اندیشمند بزرگترین احساسش عشق است و هر عملش با خرد

Monday, November 18, 2019

No is not enough

When Donald Trump was elected as the president, only close to 63 million people who voted for him were happy. This is 19.5% of the 323 million population of the United States in 2016. The other 80% were either indifferent, or shocked, or angry; or they were not old enough to vote or care. We don’t know what percent leaned which way. But those who were indifferent, either did not care about the politics, or knew his presidency would be the natural progression of the political condition in this country.
It is a general knowledge that the founding fathers of the United States were slaveholders.
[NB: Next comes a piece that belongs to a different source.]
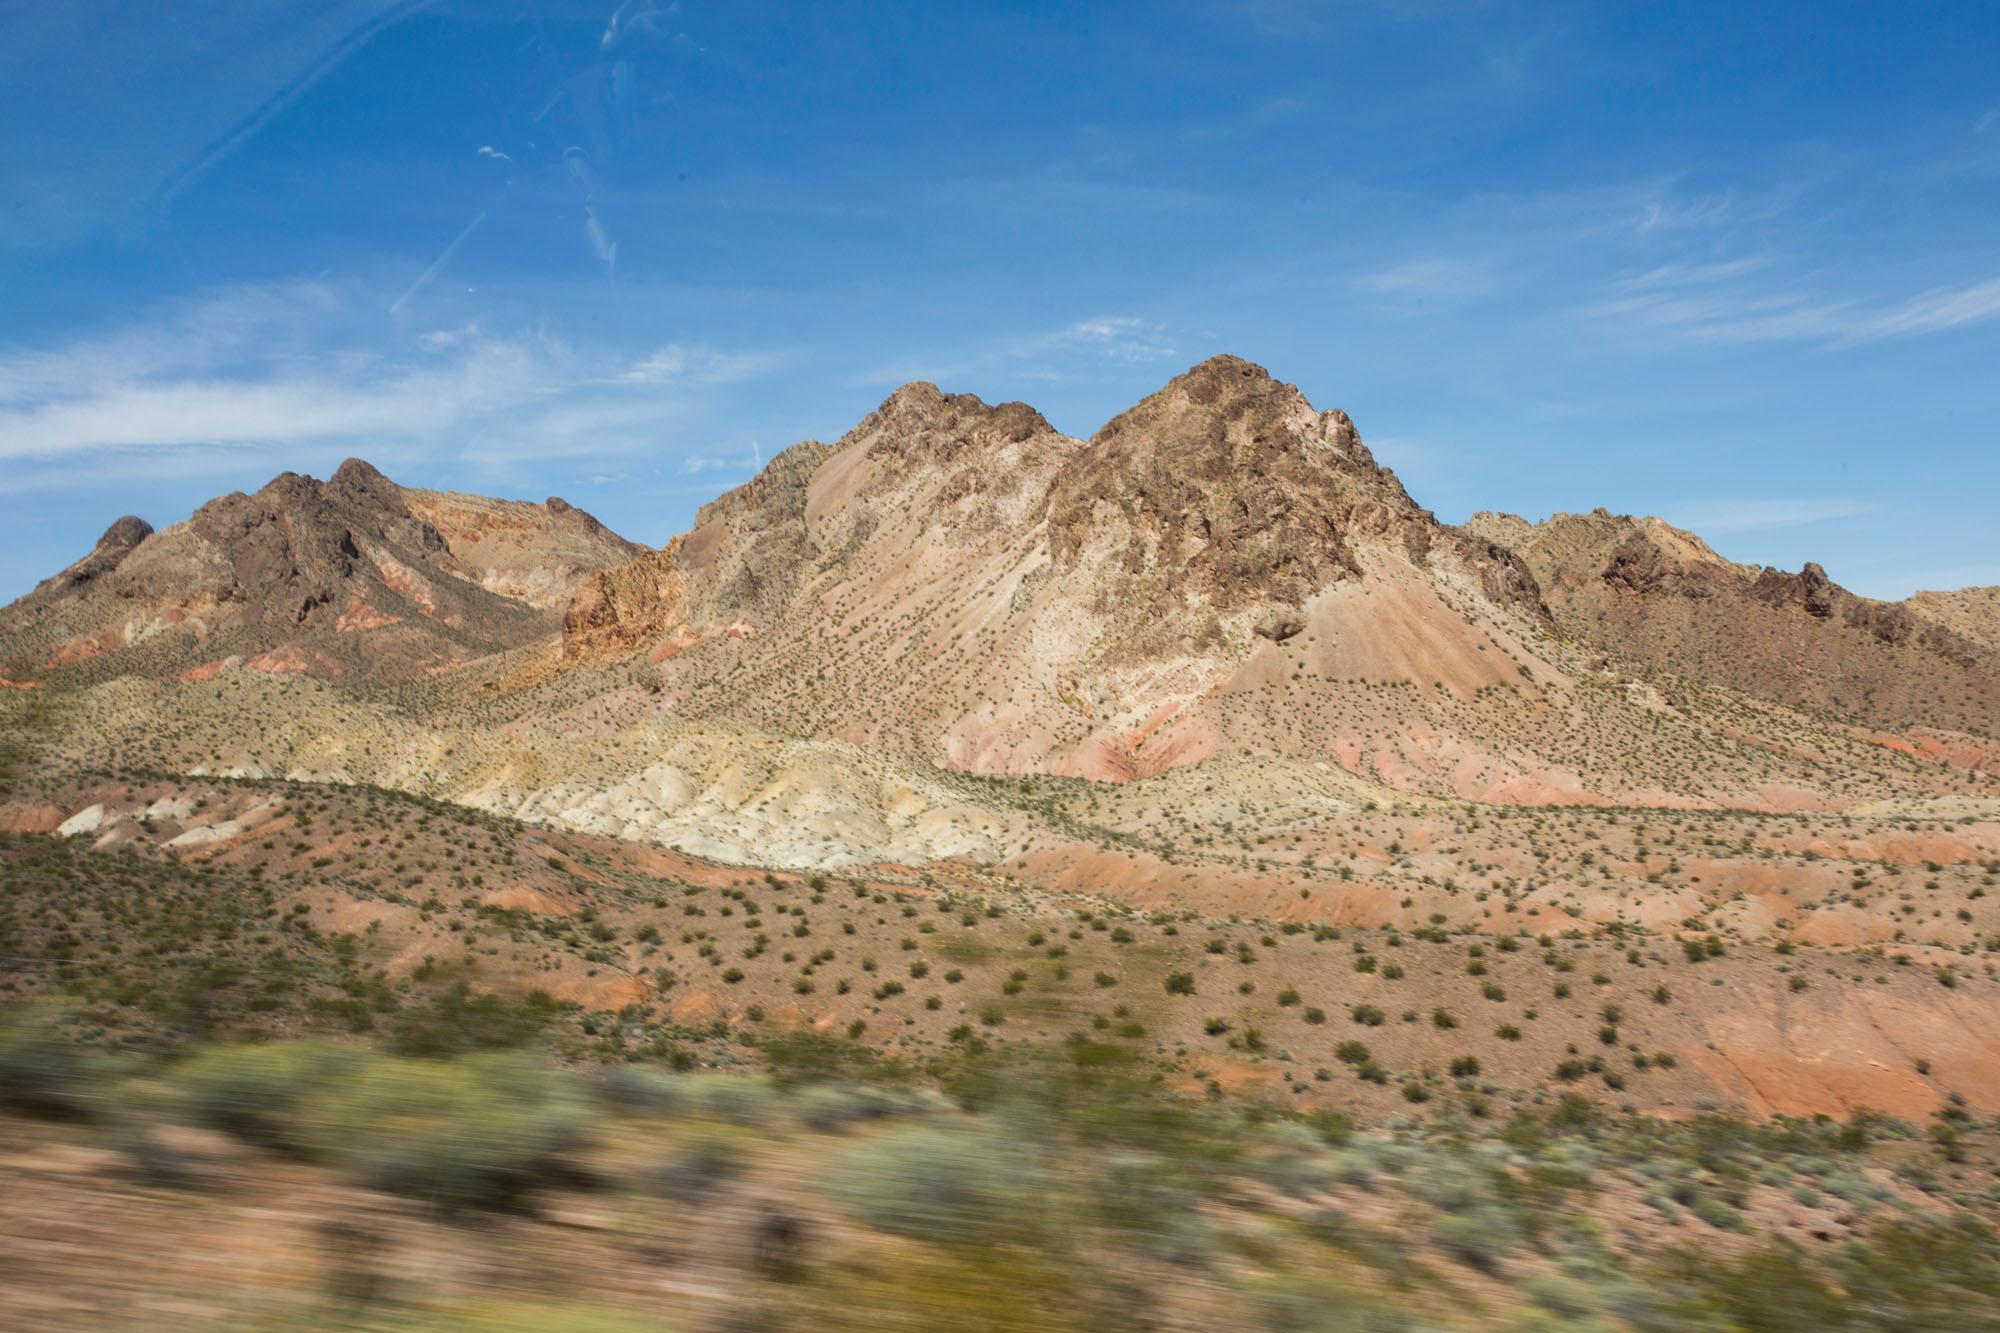 Content worth sharing: Jedidiah Jenkins 7,000 mile bike ride
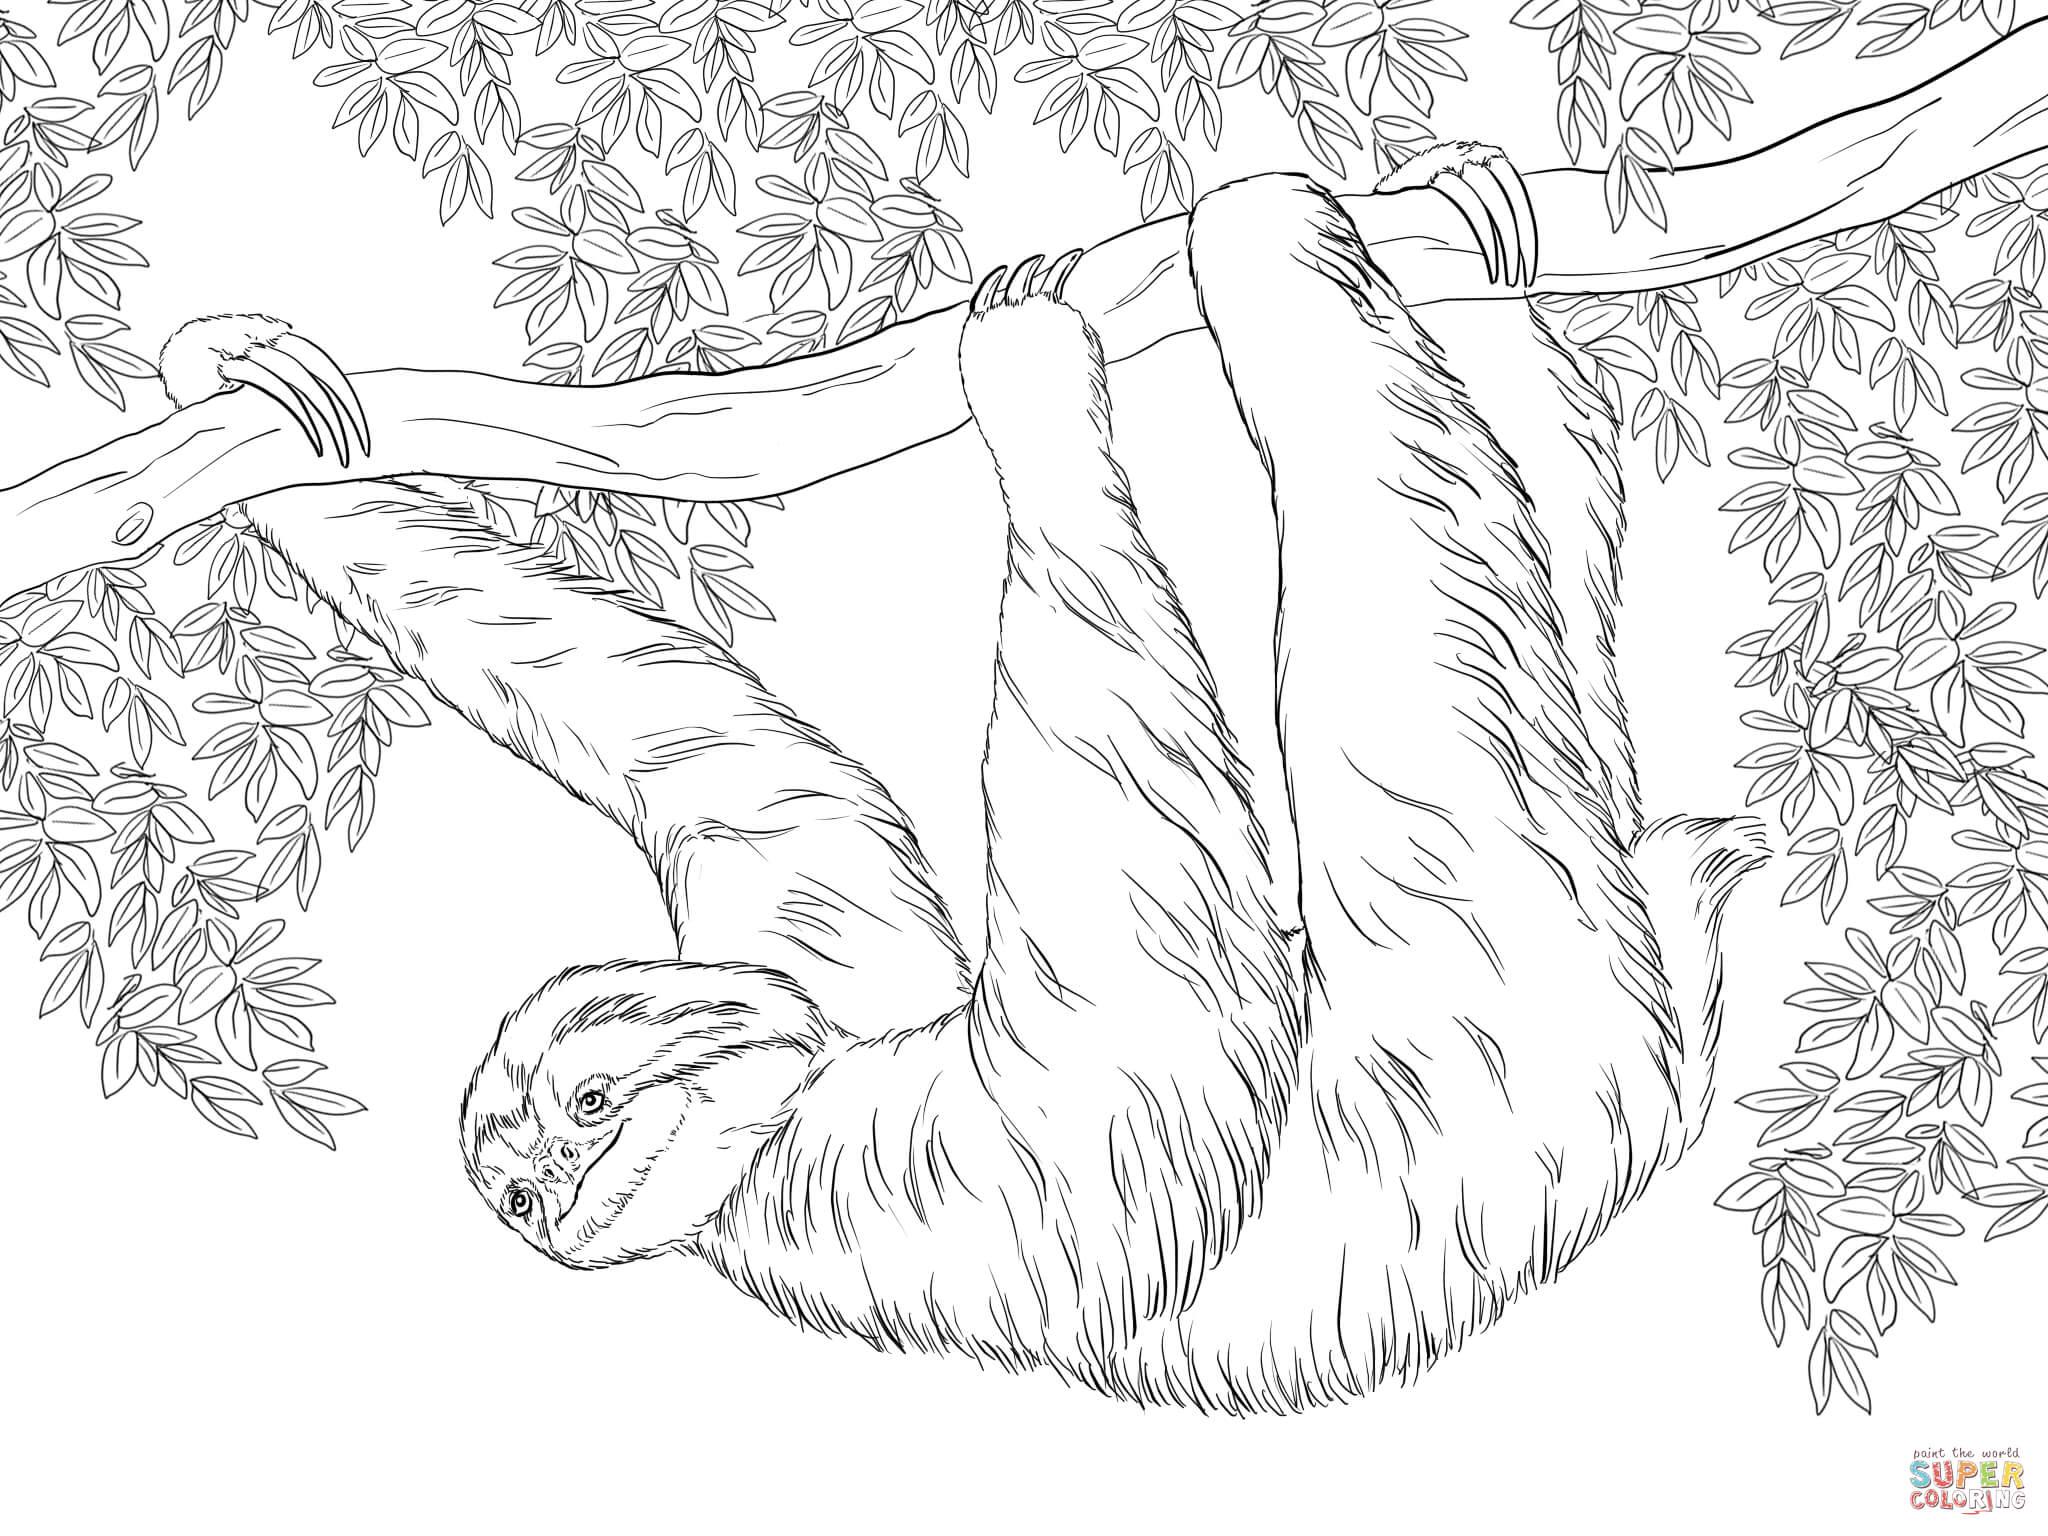 Drawn sloth hanging on tree Three Printable the Click Three

Ben Franklin was a dealmaker, who was able to guarantee independence of the United States from the British during the revolution. His son William, however, led an army in favor of the Royalists and against the revolutionaries. He was imprisoned after the success of the revolution, until daddy released him and sent him to England to live there for the rest of his life. The most famous presidents of the United States are George Washington, Woodrow Wilson, and Franklin Roosevelt. However, it may not be a common knowledge that Washington became a slave owner at the age of eleven, Wilson was a racist to the core, and Roosevelt’s New Deal was a part of a series of demands by socialists, in which he had to accept or face a revolution. Any of the other presidents’ attitudes towards the majority of people, from Lincoln to Kennedy, to Carter, to Obama, requires a study to realize that their presidency summed up in benefiting a very small minority group, the wealthy. We may grade each president in that respect, however the tendency has been accelerating by each president, with a sharp spike during Reagan’s presidency, when Neoliberalism was adopted. This tendency ended up with the presidency of the multi-billionaire himself.